■ RAW DATA ■
>>>

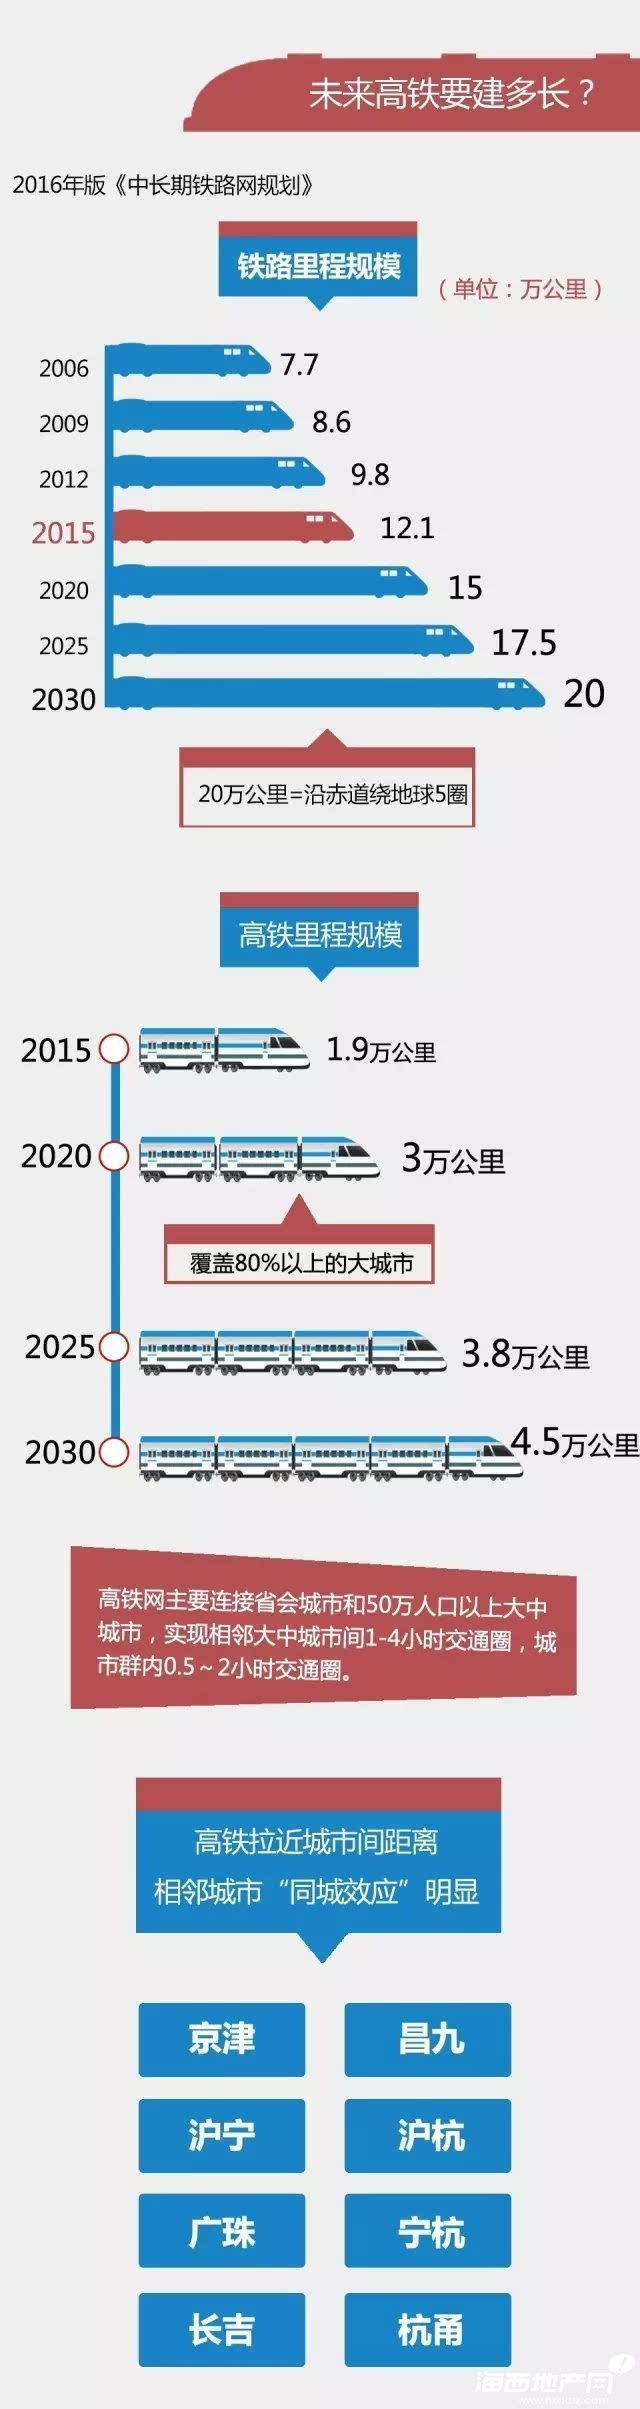 到2020BOB体育年中国铁路将实现三个“世界领先”和三大提升
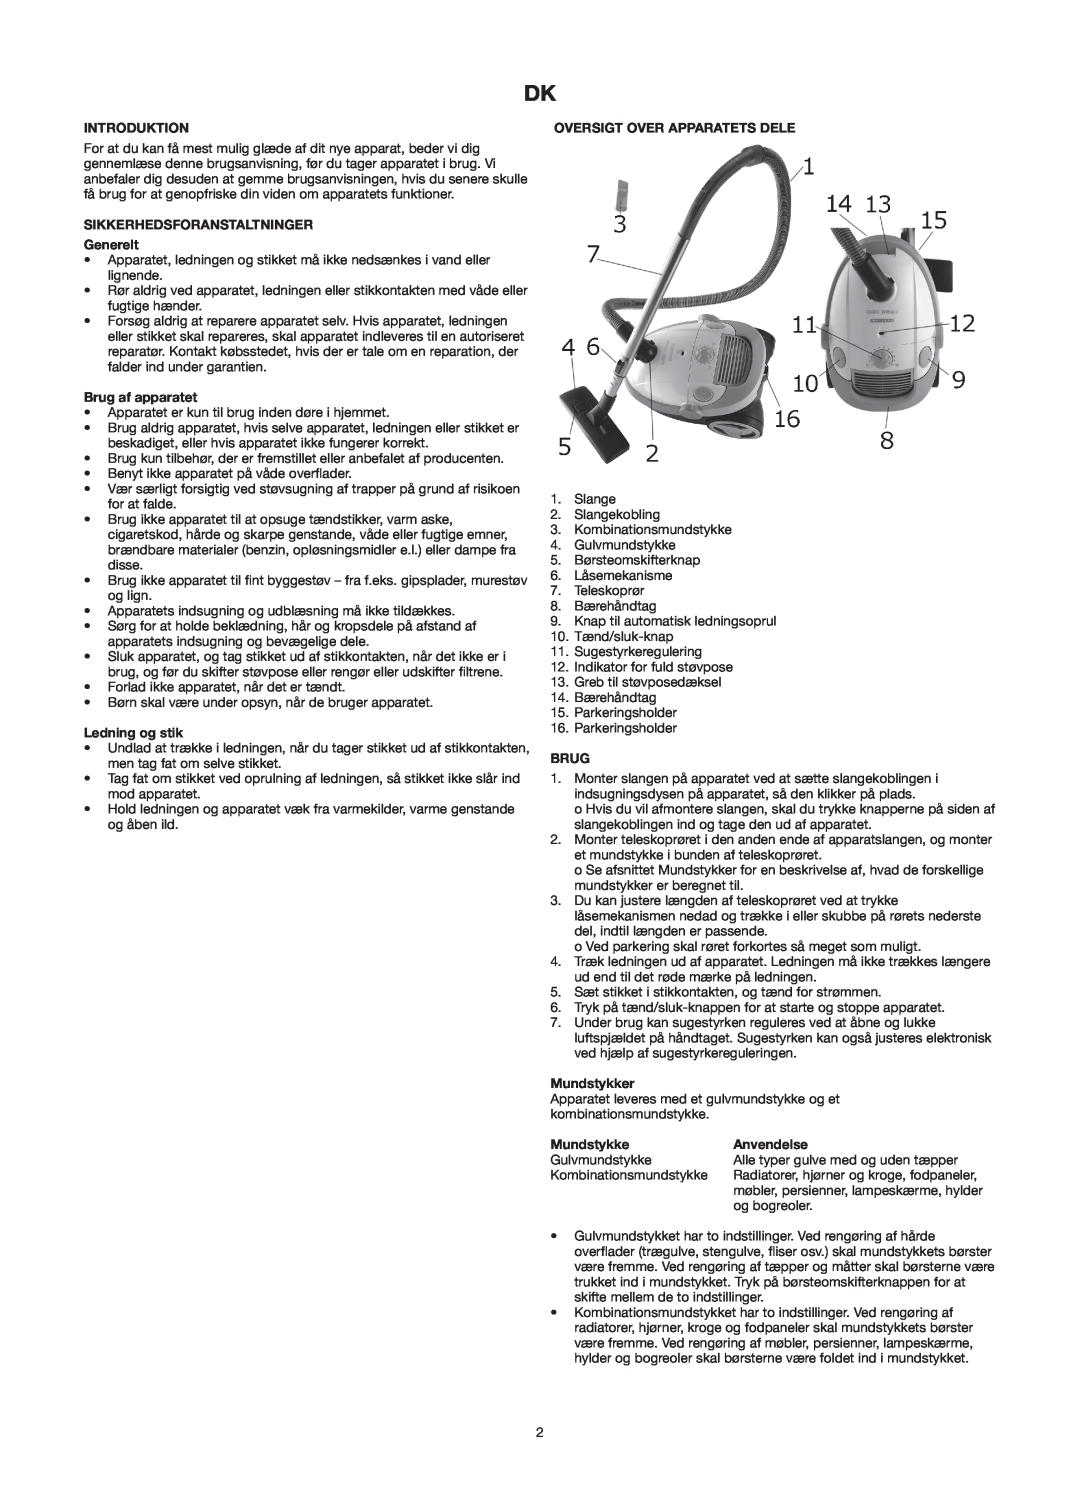 Melissa 640-121 manual Introduktion, SIKKERHEDSFORANSTALTNINGER Generelt, Brug af apparatet, Ledning og stik, Mundstykker 
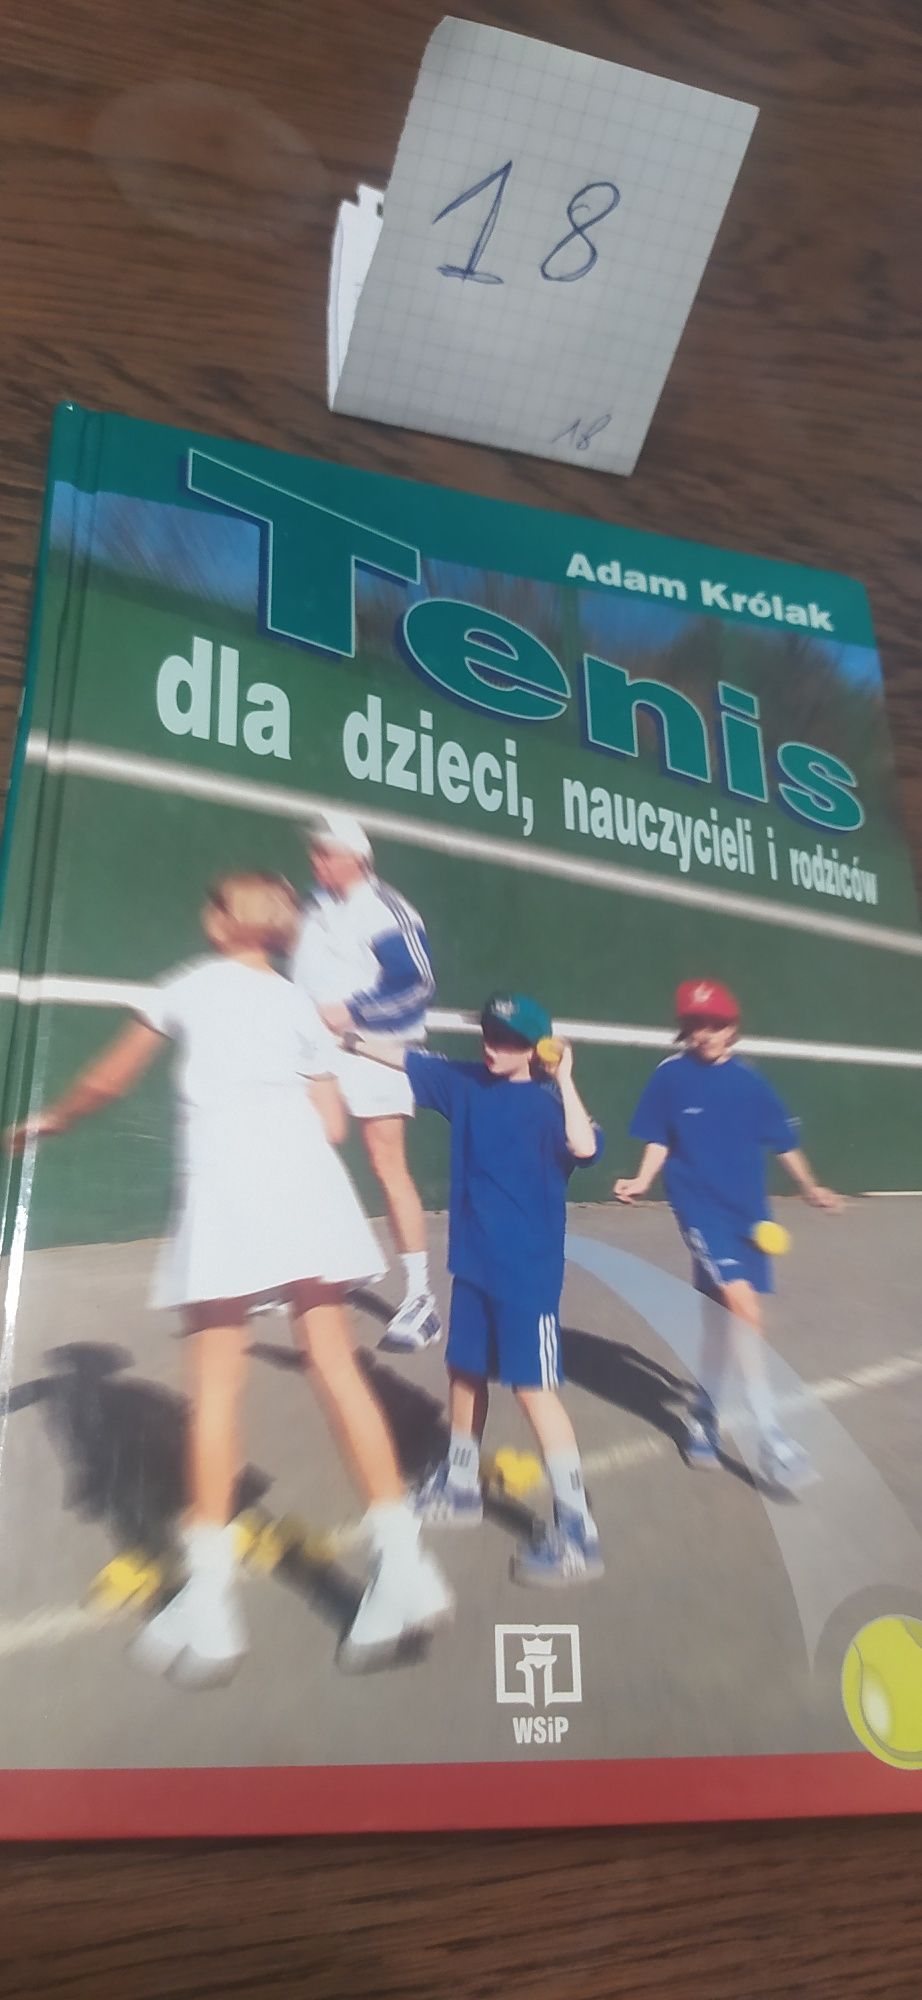 Tenis dla dzieci, nauczycieli i rodziców Adam Królak

<<<

Print the listing exactly, minus any pictures.

 到2020BOB体育年中国铁路将实现三个“世界领先”和三大提升
 Melissa 640-121 manual Introduktion, SIKKERHEDSFORANSTALTNINGER Generelt, Brug af apparatet, Ledning og stik, Mundstykker 
 Tenis dla dzieci, nauczycieli i rodziców Adam Królak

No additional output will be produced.